Auditor jumped gun on MTBE risk, official says
By John D. Cox, Bee Staff Writer 
Copyright 1998 Sacramento Bee
December 24, 1998
A critical state auditor's report about bureaucratic handling of MTBE 
contamination in groundwater drew a mixed response Wednesday from California's 
chief drinking water watchdog. 
While he agreed with several recommendations in the report that would 
streamline the state regulatory process, David P. Spath 
said the report jumped to a conclusion about the 
risk to public health posed by the gasoline additive. 
"They jumped to a conclusion that it's a carcinogen," said Spath, and the assumption colors the auditors' criticism
of the pace of 
the state response as MTBE has turned up in some drinking water 
supplies in the last few years, most seriously in South Lake Tahoe and Santa 
Monica.  
The auditor's report said that while the state had 
"ample evidence that gasoline leaking from underground storage tanks is 
jeopardizing the safety of our drinking-water supplies, it has not acted 
quickly and decisively to address this potential health hazard." 
Earlier this month, however, a state scientific panel commissioned by the state 
Office of Environmental Health Hazard Assessment concluded that it did not have 
enough evidence to conclude that MTBE posed a threat of causing 
cancer in humans. 
The panel's findings were consistent with U.S. Environmental Protection Agency 
guidelines, which list the gas additive as a 
"possible human carcinogen." Existing 
studies on the effects of the chemical on laboratory animals are based on 
inhaling MTBE vapors rather than drinking contaminated water. 
Spath said the recent findings support the state's decision in 1996 that the 
presence of MTBE in some groundwater supplies did not meet the legal 
definitions of 
a public health emergency. 
"I don't think it's settled yet," Spath said of the public health question. 
"That's something that may take a longer period of time." 
Methyl tertiary-butyl ether, or MTBE, is an additive required in gasoline sold 
in California to 
help the state meet federal clean air requirements, but the bitter-tasting, 
odorous chemical is showing up increasingly in drinking water supplies. 

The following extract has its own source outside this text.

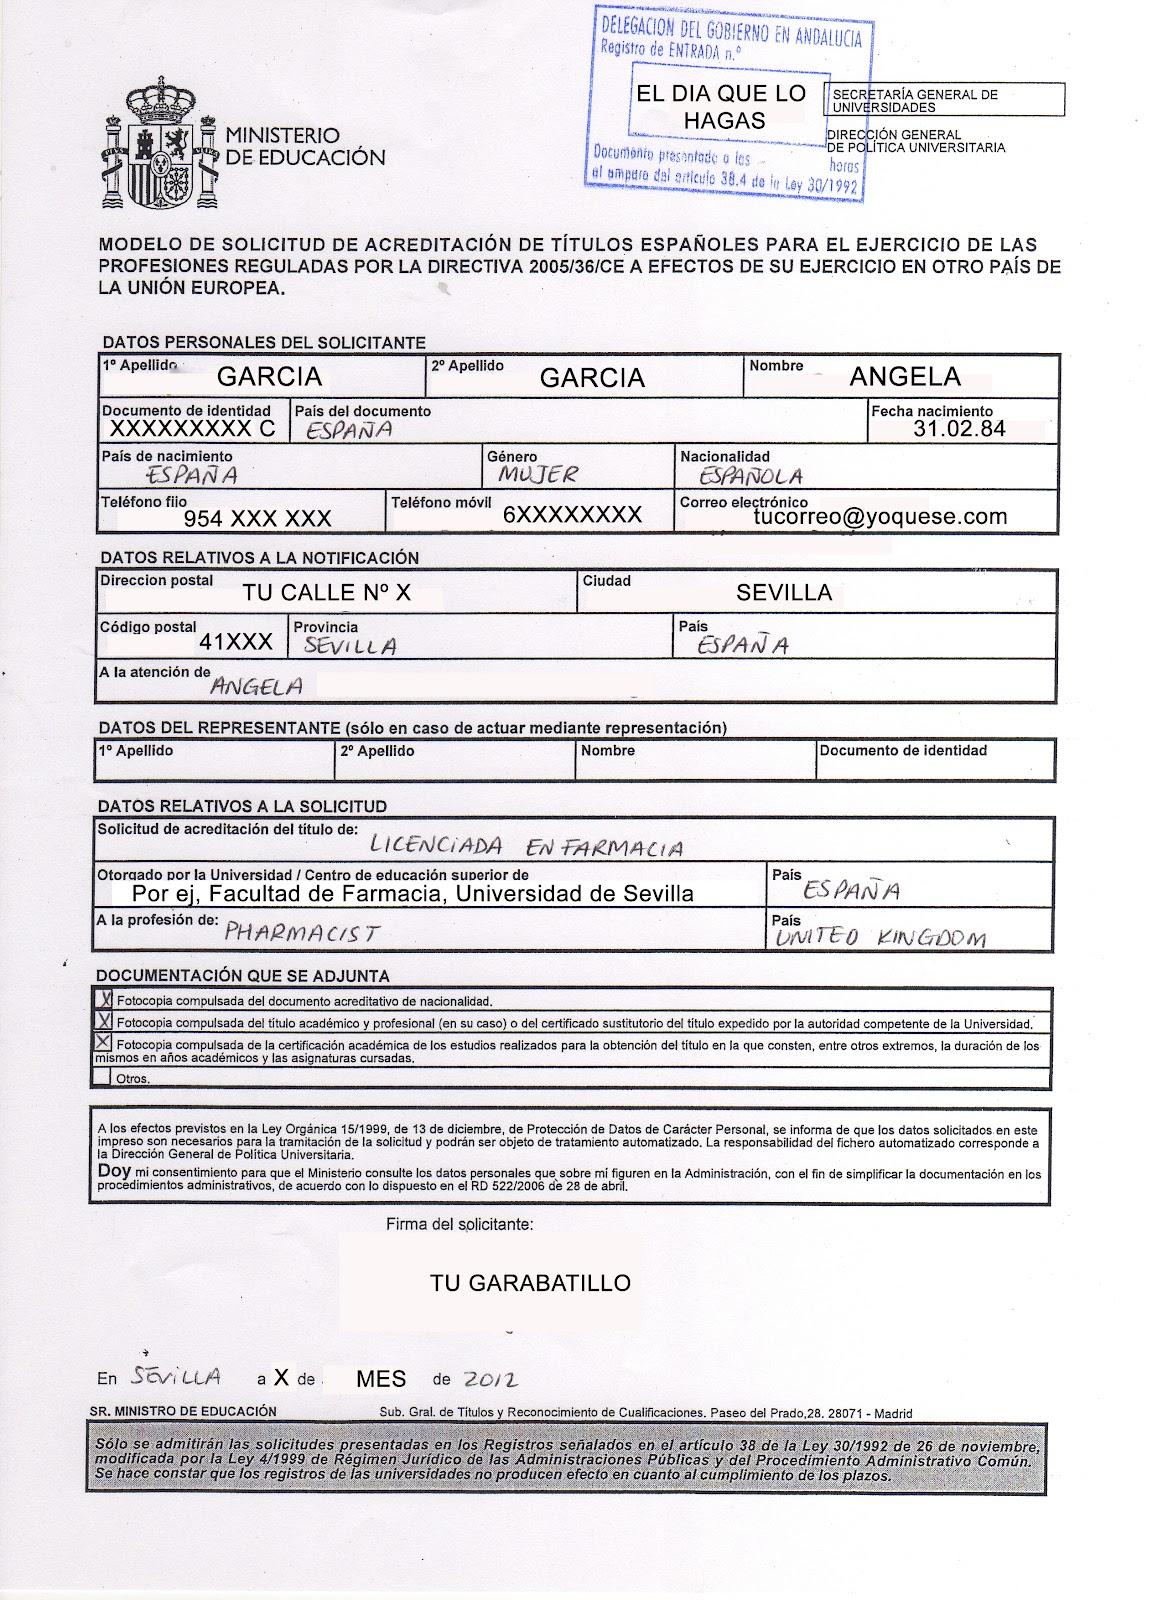 6 compliance with directives una farmaceutica en uk for Notificacion ministerio del interior

Requested by the Legislature, the auditor's report cited 
"multiple shortcomings" in the drinking water regulations by the state Department of Health 
Services division headed by Spath and by the State Water Resources Control 
Board. 
It listed a number of recommendations for improvements in the way the two 
agencies, and also the California Environmental Protection Agency, monitor and 
enforce drinking-water safety standards. 
"There are a number of points that they 
made that are valid points," said Spath, particularly recommendations to improve communications among 
agencies and to bring about timely reporting of drinking-water monitoring data.